16. The adaptive sensing system of claim 15, wherein the first set of data and the second set of data further comprise one or more data values corresponding to operational parameters of the target sensing device, including one or more of: a detection parameter, a response time, or error rate.
17. The adaptive sensing system of claim 15, wherein the machine learning model is further trained to predict a time at which a sensing device will experience a sensor abnormality.
18. The adaptive sensing system of claim 15, wherein the target sensing device comprises a sensor configured to monitor a parameter of a sensing environment in which the target sensing device is located; and the machine learning model is configured as a baseline model corresponding to the sensor.
19. The adaptive sensing system of claim 15, wherein the target sensing device comprises a plurality of sensors configured to monitor a plurality of parameters of a sensing environment in which the target sensing device is located; and the machine learning model is configured as a compound model corresponding to the target sensing device.

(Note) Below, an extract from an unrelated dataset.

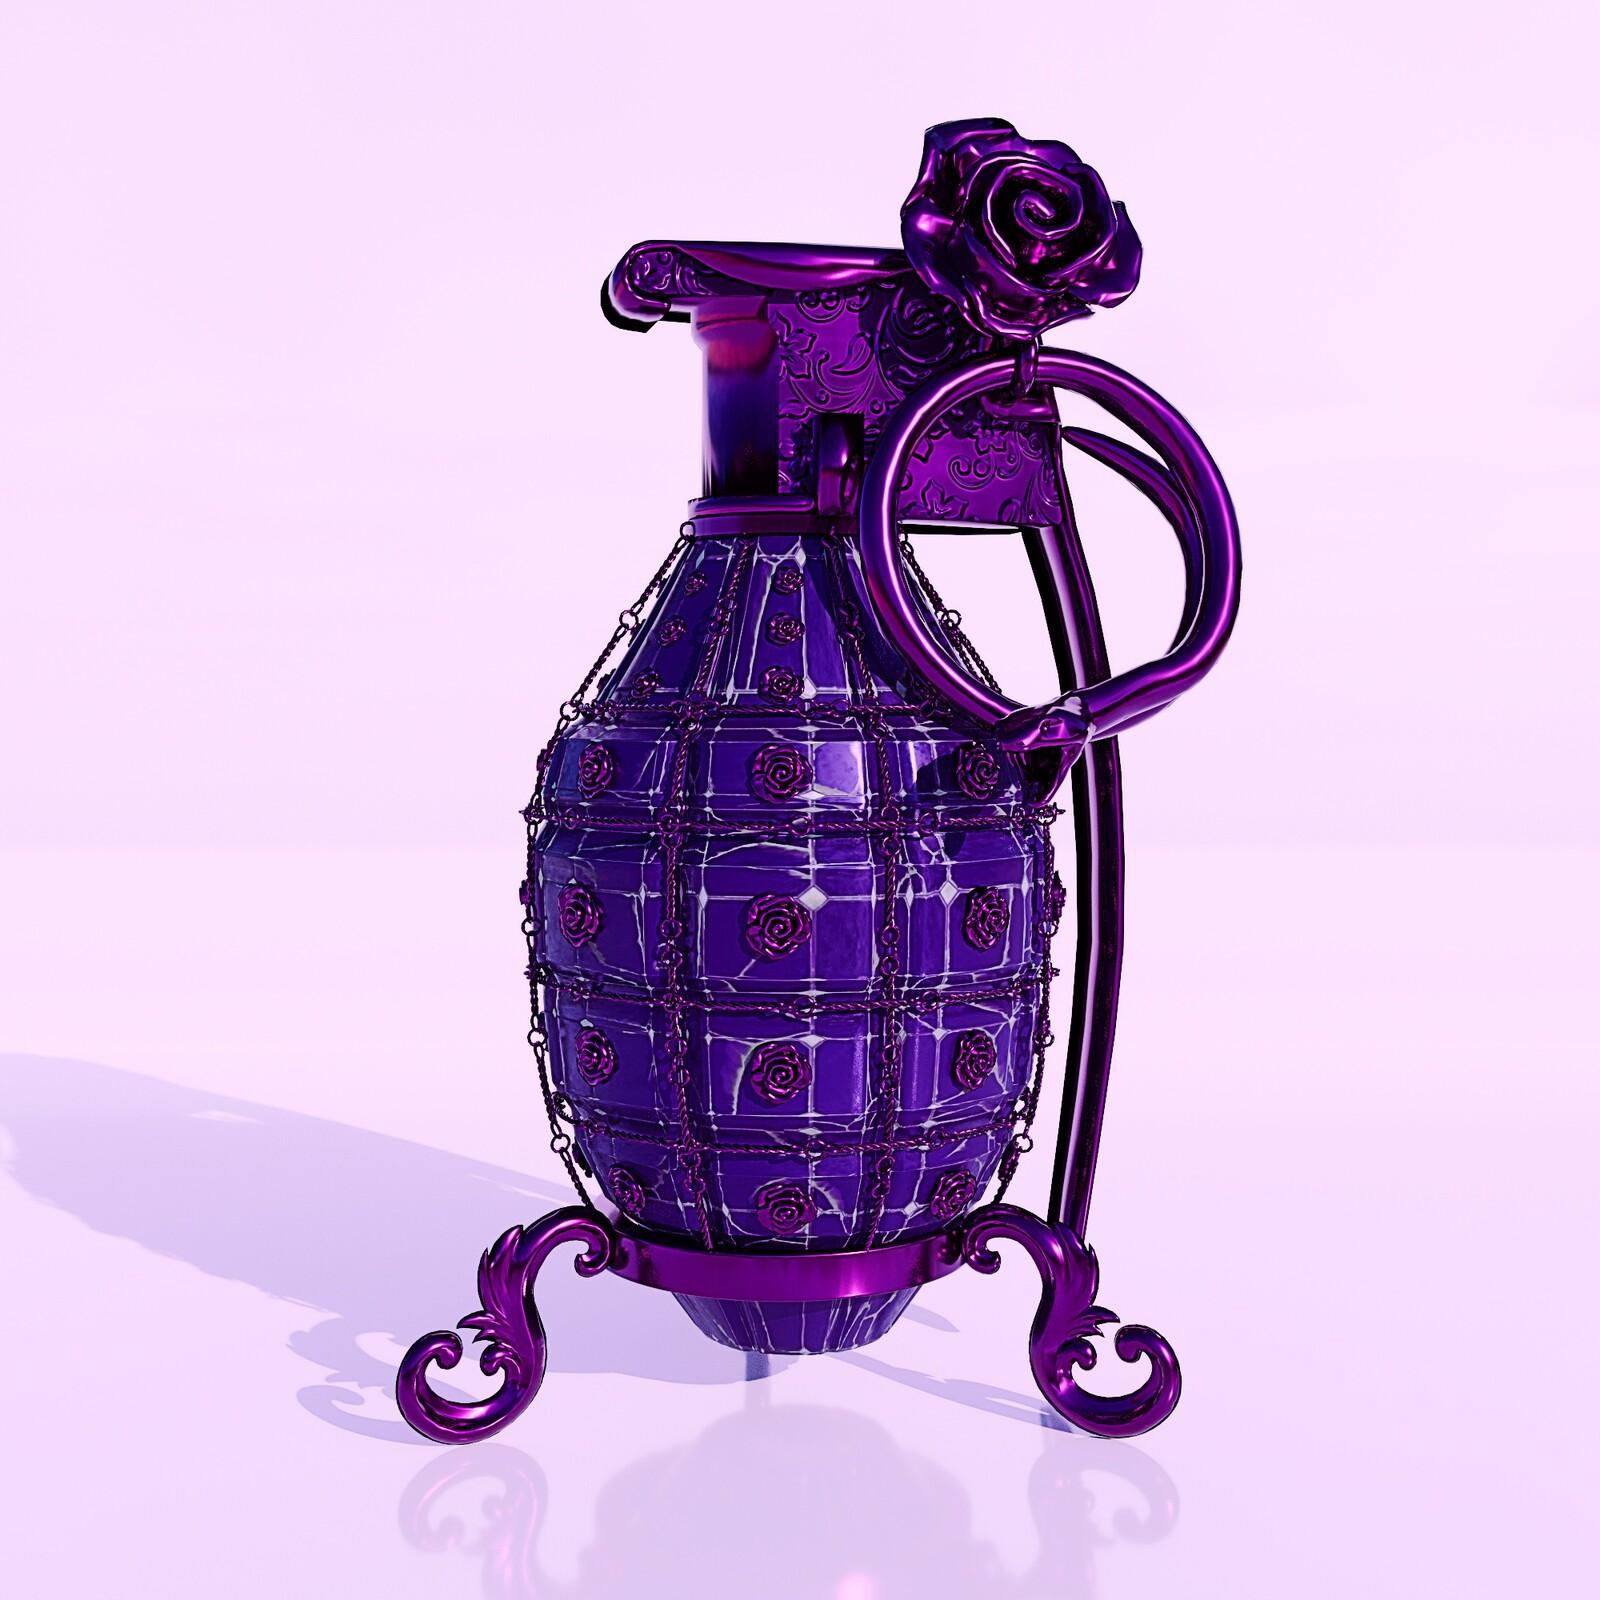 Pyrobolus Convenusto - Amethyst

20. The adaptive sensing system of claim 15, wherein to train the machine learning model further comprises to:
receive an output from the machine learning model comprising a predicted set of data that the machine learning model predicts that the target sensing device will transmit over a third time period;
adjust the baseline detection parameter to the new detection parameter for the target sensing device;
subsequent to adjusting the baseline detection parameter to the new detection parameter for the target sensing device, receive a third set of data, over the third time period; and
validate the machine learning model based on a comparison of the predicted set of data with the third set of data.